PROVIDED MATERIAL:
**********
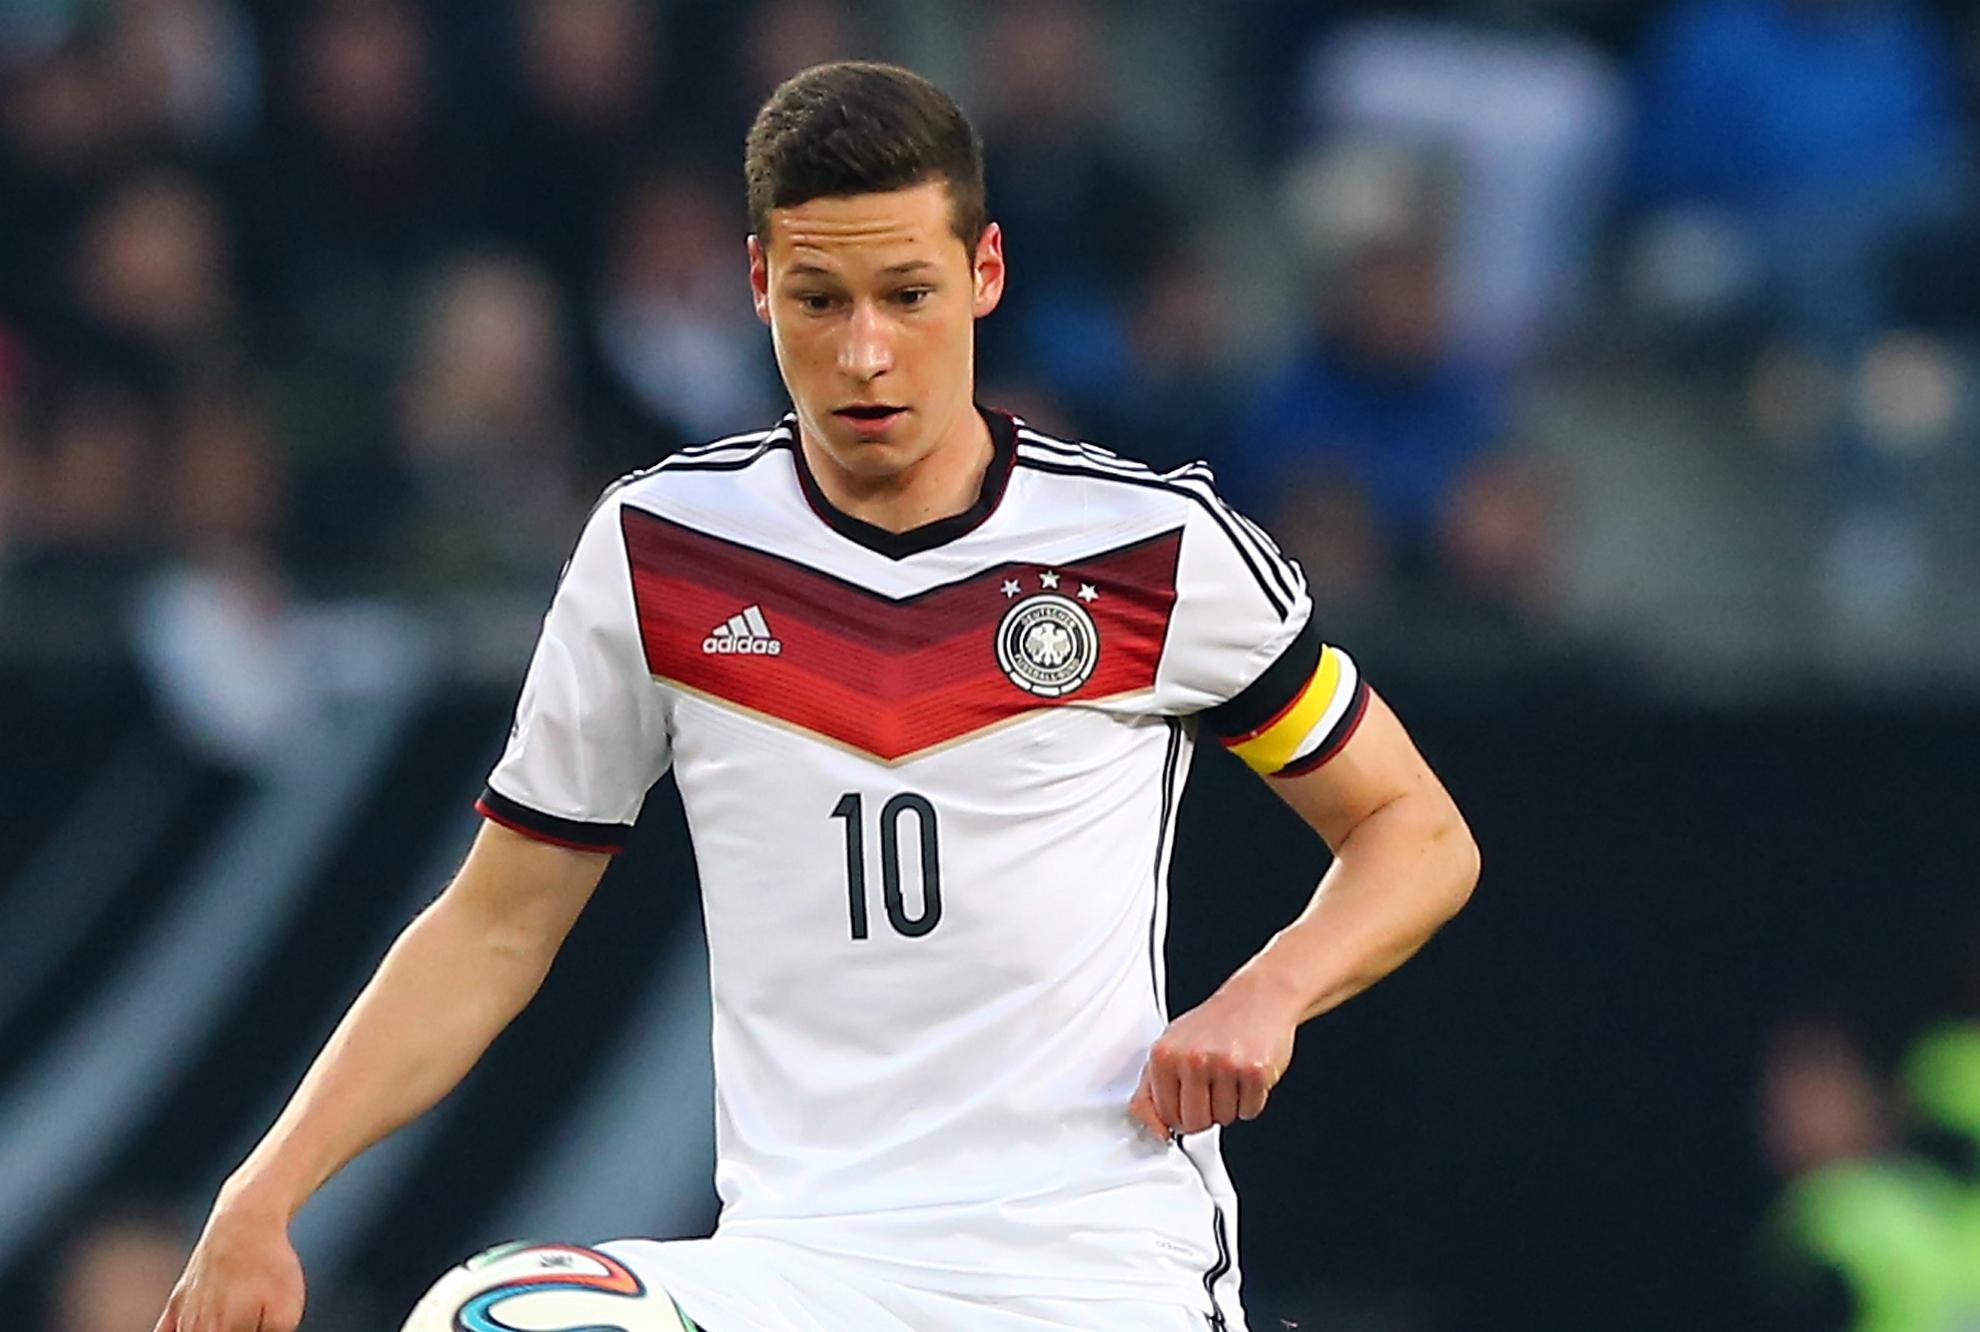 Wenger expects Ozil, Mertesacker and Podolski to miss start of season
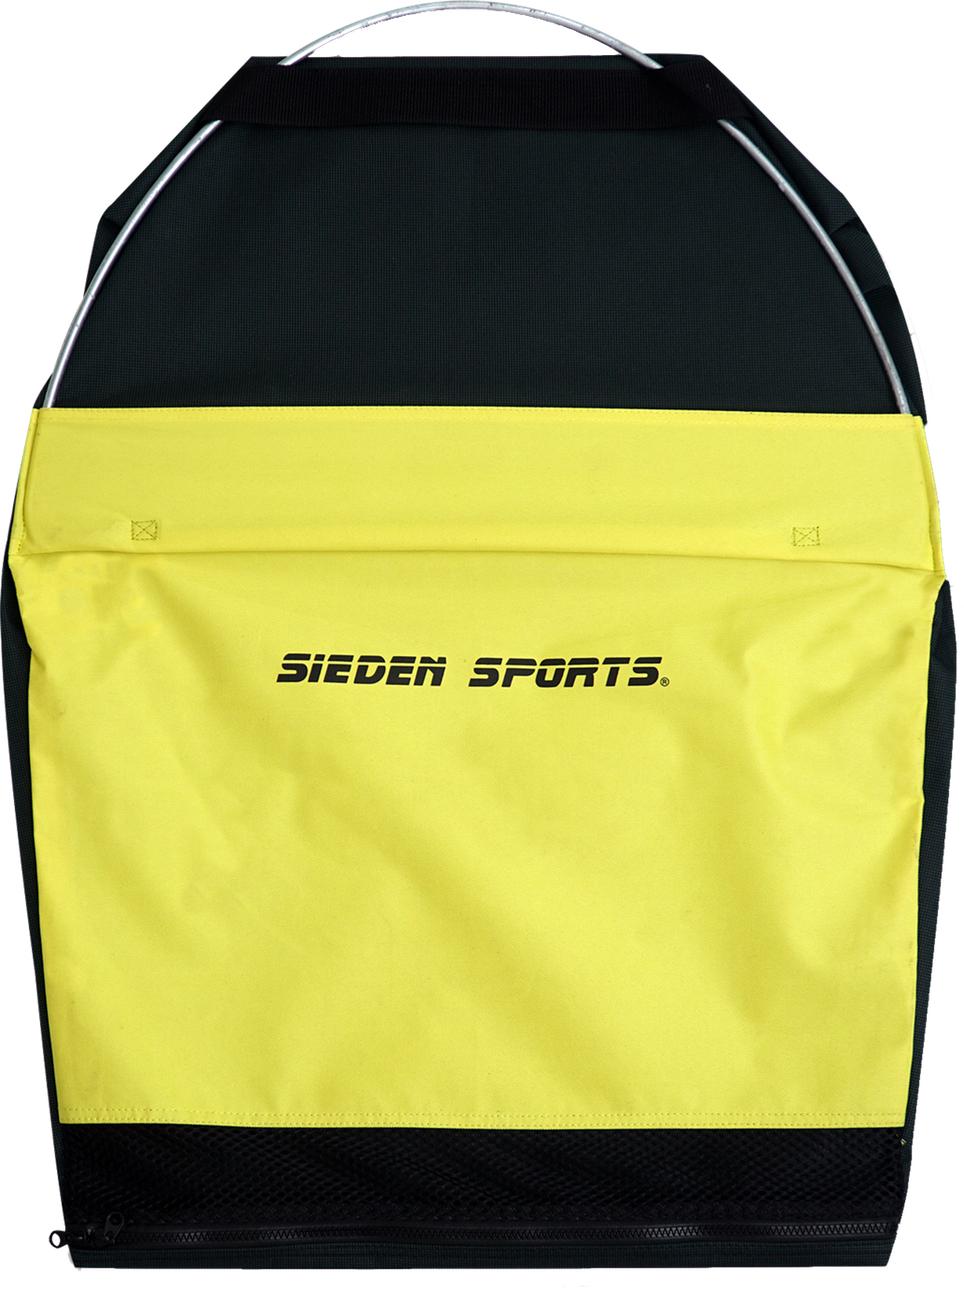 Siedensport Single Handed Game Bag
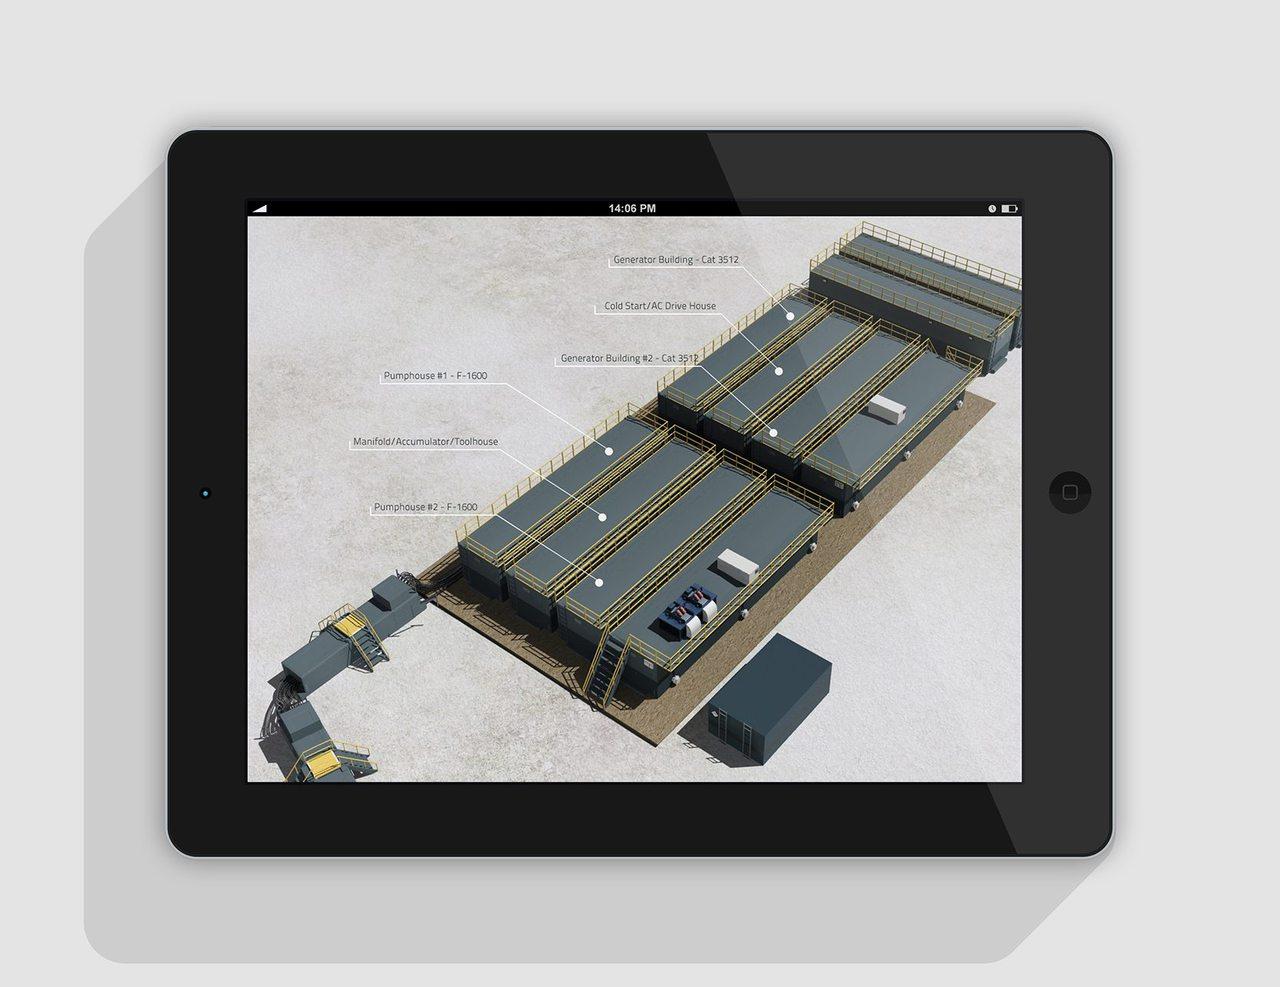 3D Calgary Design – Quintera Drilling
**********
Everything in the listing should be repeated exactly except the pictures.

OUTPUT FOR THIS EXERCISE:
 Wenger expects Ozil, Mertesacker and Podolski to miss start of season
 Siedensport Single Handed Game Bag
 3D Calgary Design – Quintera Drilling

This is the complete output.